Now that Anaconda is installed, you can now create a `conda` environment. 
 
To do so, on your command line, type `conda create -n <my_env> python=3.8`, where `<my_env>` is a name you set. Our codebase currently supports up to Python 3.8.
 
Say yes to any prompts and your `conda` environment will be created! 
 
To verify installation, activate your `conda` environment with `conda activate <my_env>`. If you see `(<my_env>)` on the far left of the command prompt, you have successfully created and activated your environment. Type `conda deactivate` to exit at any time.

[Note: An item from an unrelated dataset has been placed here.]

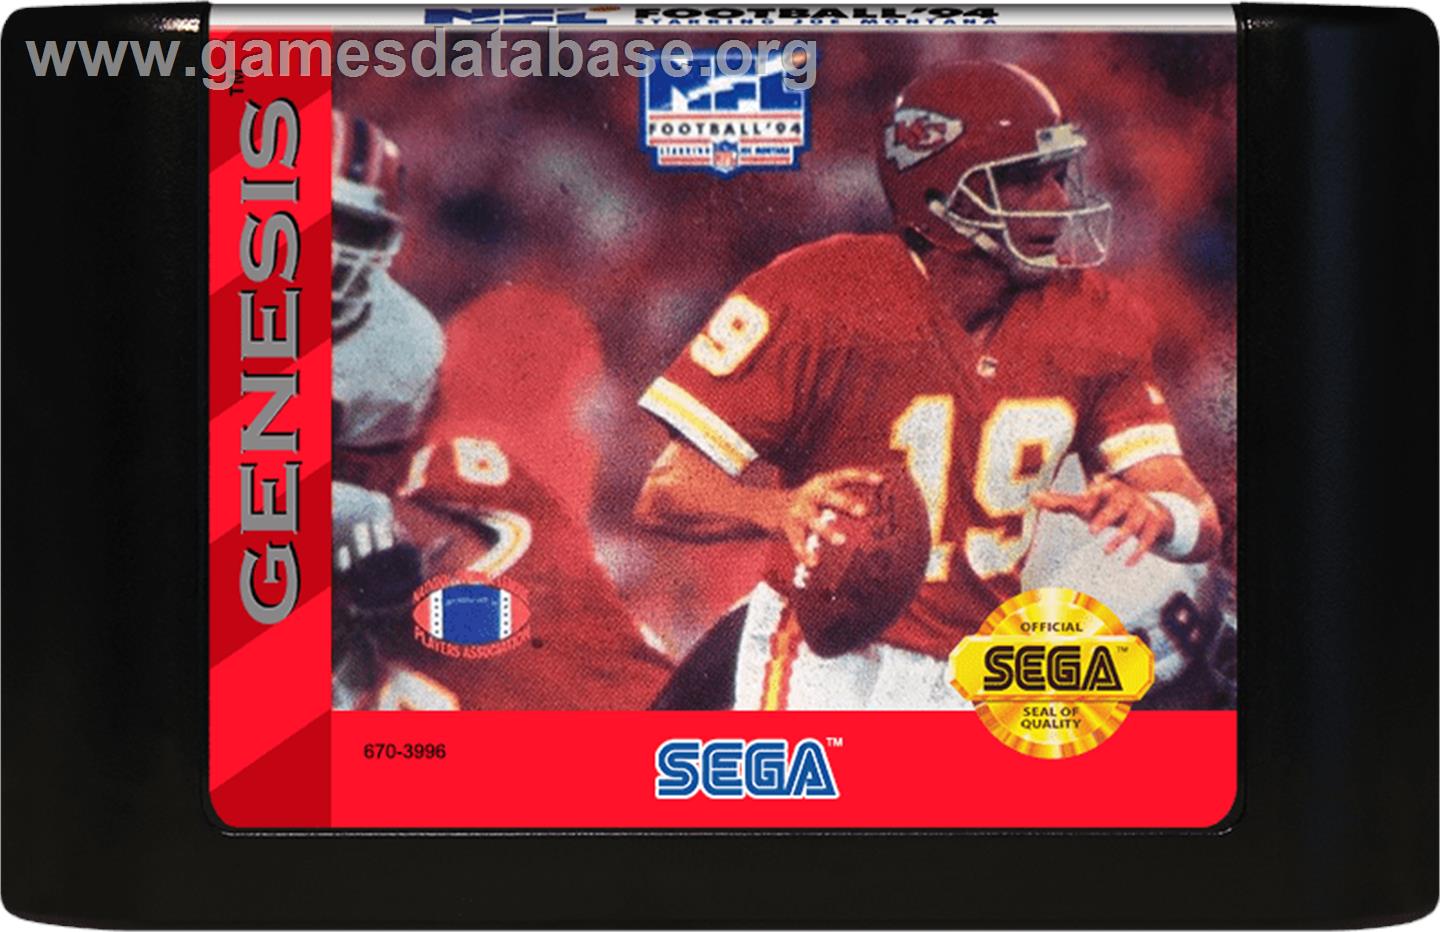 NFL Football '94 Starring Joe Montana - Sega Genesis - Artwork - Cartridge

### Setting up ark-analysis for development

`ark` relies on several other Python packages. Inside the `ark-analysis` repo (if you don't have it, first run `git clone https://github.com/angelolab/ark-analysis.git`), and with your virtual environment activated, you will need to install these other dependencies as well. Run `pip install -e ".[test]"` to install `ark` and it's dependencies and testing dependencies.
 
 
You're now set to start working with `ark-analysis`! Please look at [our contributing guidelines](contributing.html) for more information about development. For detailed explanations of the functions available to you in `ark`, please consult the Libraries section of this documentation. 


### Using ark functions directly

If you will only be using functions in `ark` without developing on top of it, do not clone the repo. Simply run `pip install ark-analysis` inside the virtual environment to gain access to our functions. To verify installation, type `conda list ark-analysis` after completion. If `ark-analysis` is listed, the installation was successful. You can now access the `ark` library with `import ark`.


### More on xarrays

One type of N-D array we use frequently is `xarray` ([documentation](http://xarray.pydata.org/en/stable/)). The main advantages `xarray` offers are:

* Labeled dimension names
* Flexible indexing types

While these can be achieved in `numpy` to a certain extent, it's much less intuitive. In contrast, `xarray` makes it very easy to accomplish this. 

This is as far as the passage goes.